• **What the exercise asks**: Leave out any pictures and transcribe all other data below exactly.

• **Dataset extract**:
-*-*-
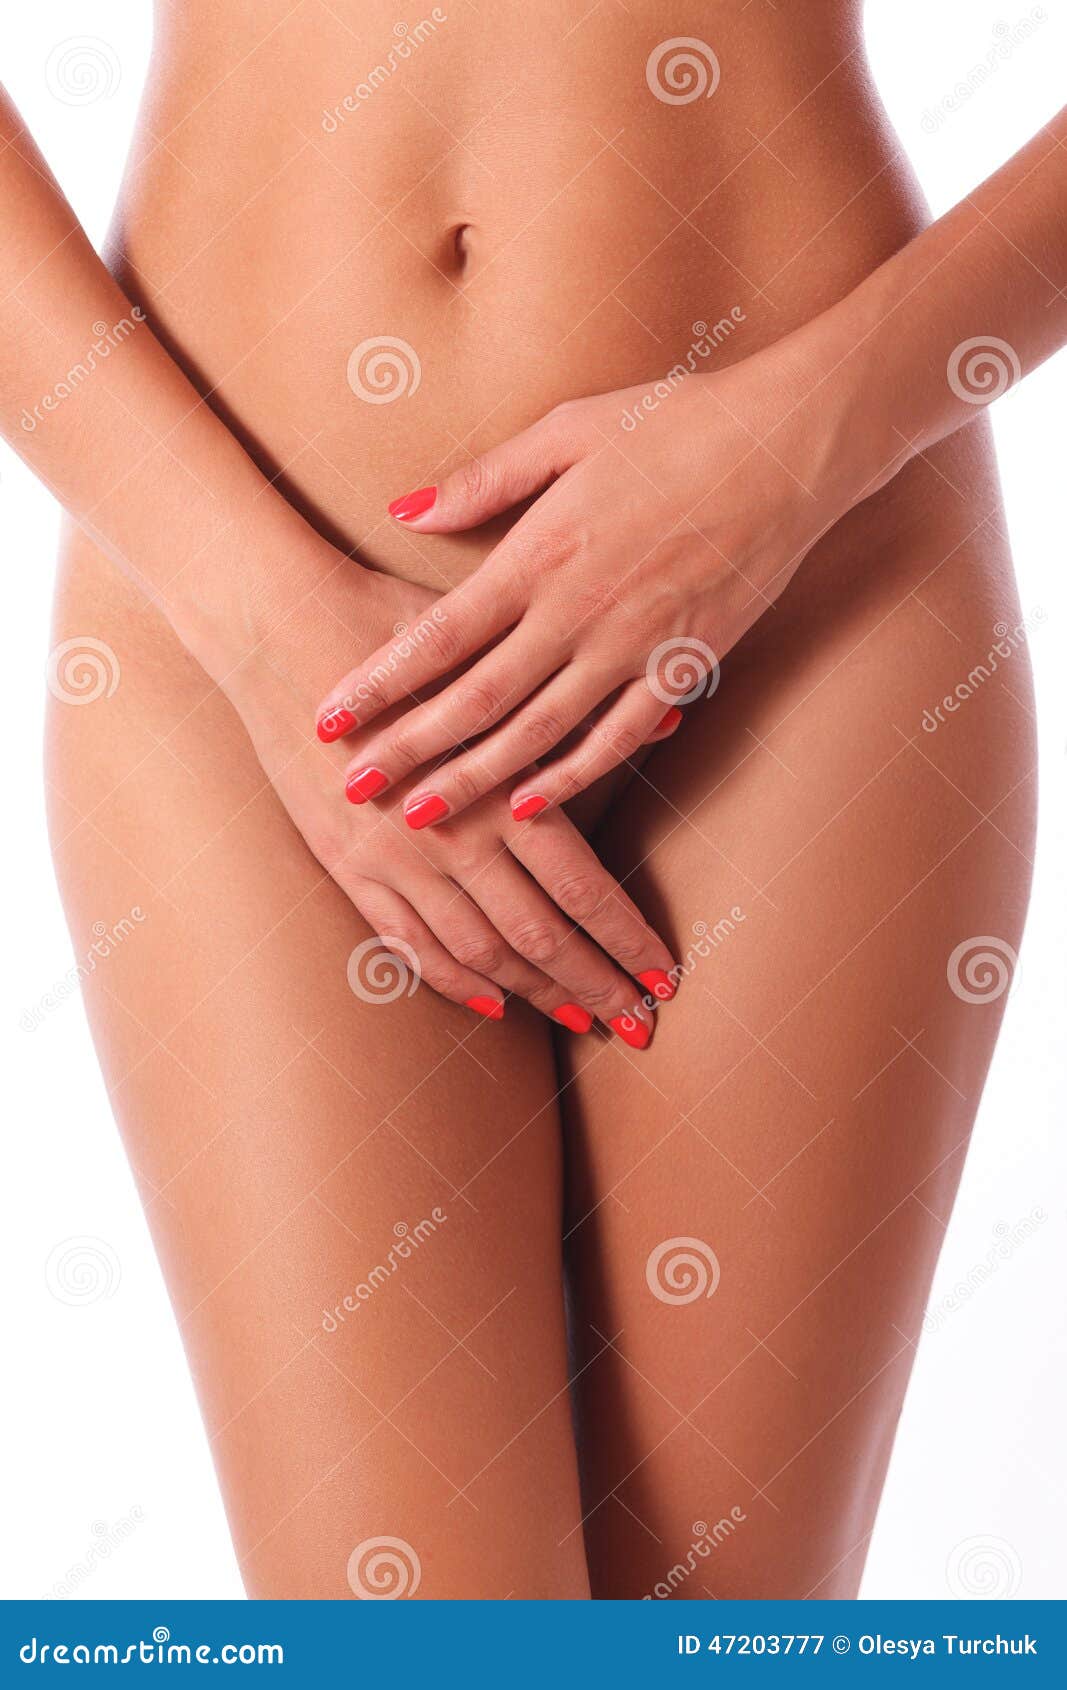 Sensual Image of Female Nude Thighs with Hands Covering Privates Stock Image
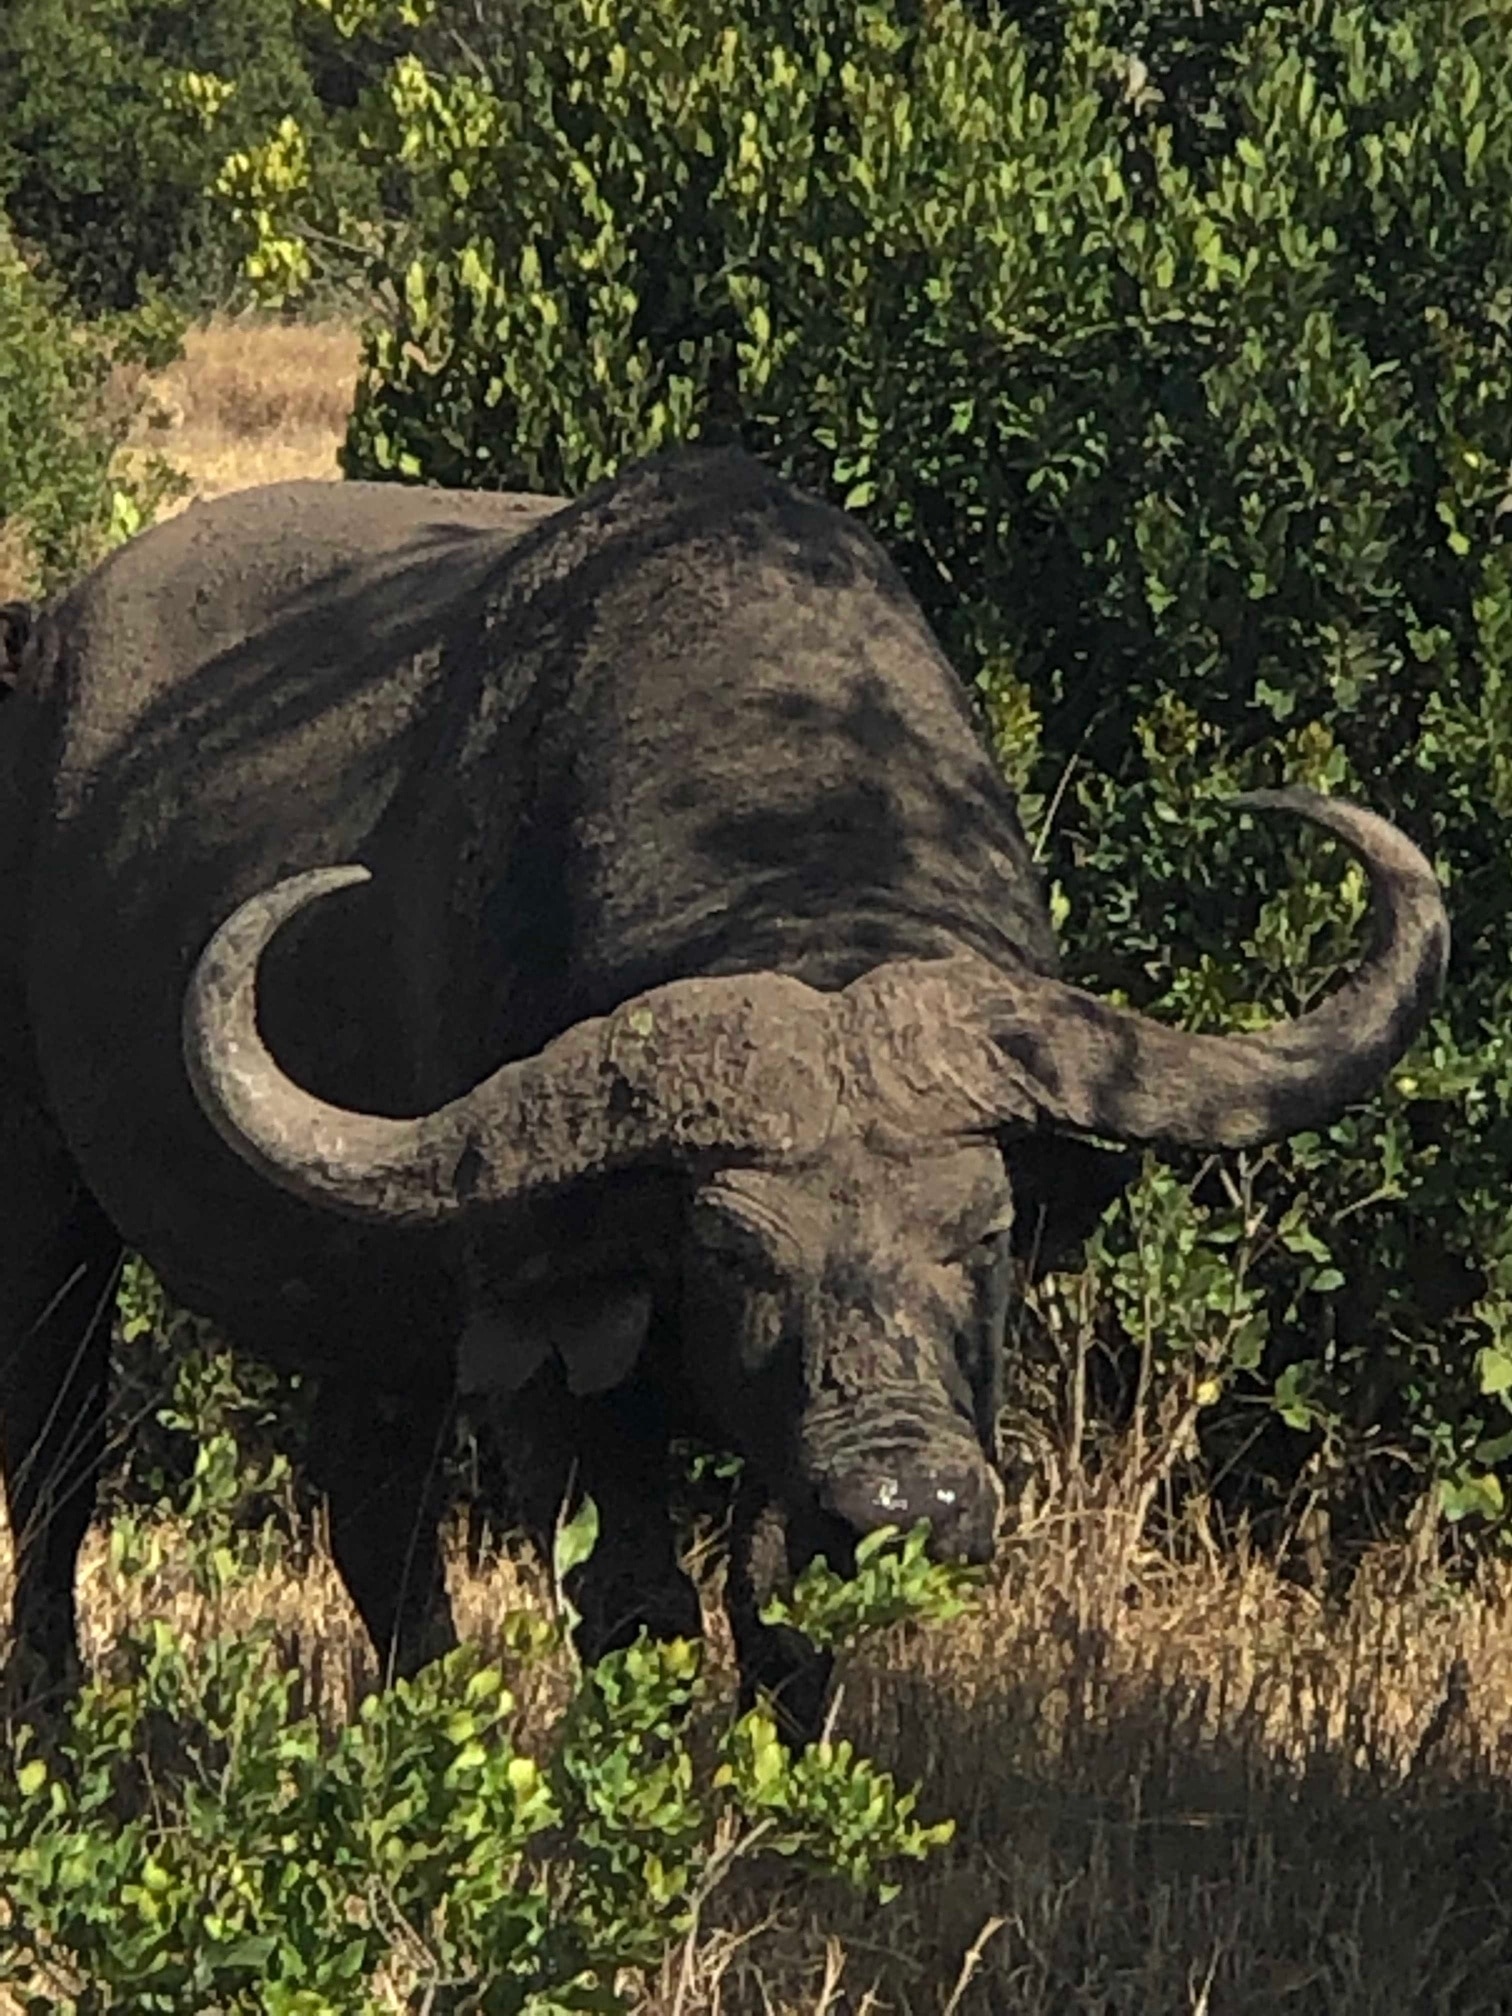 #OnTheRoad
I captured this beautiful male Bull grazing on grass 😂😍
-*-*-
• **Result of this task**:
 Sensual Image of Female Nude Thighs with Hands Covering Privates Stock Image
 #OnTheRoad
I captured this beautiful male Bull grazing on grass 😂😍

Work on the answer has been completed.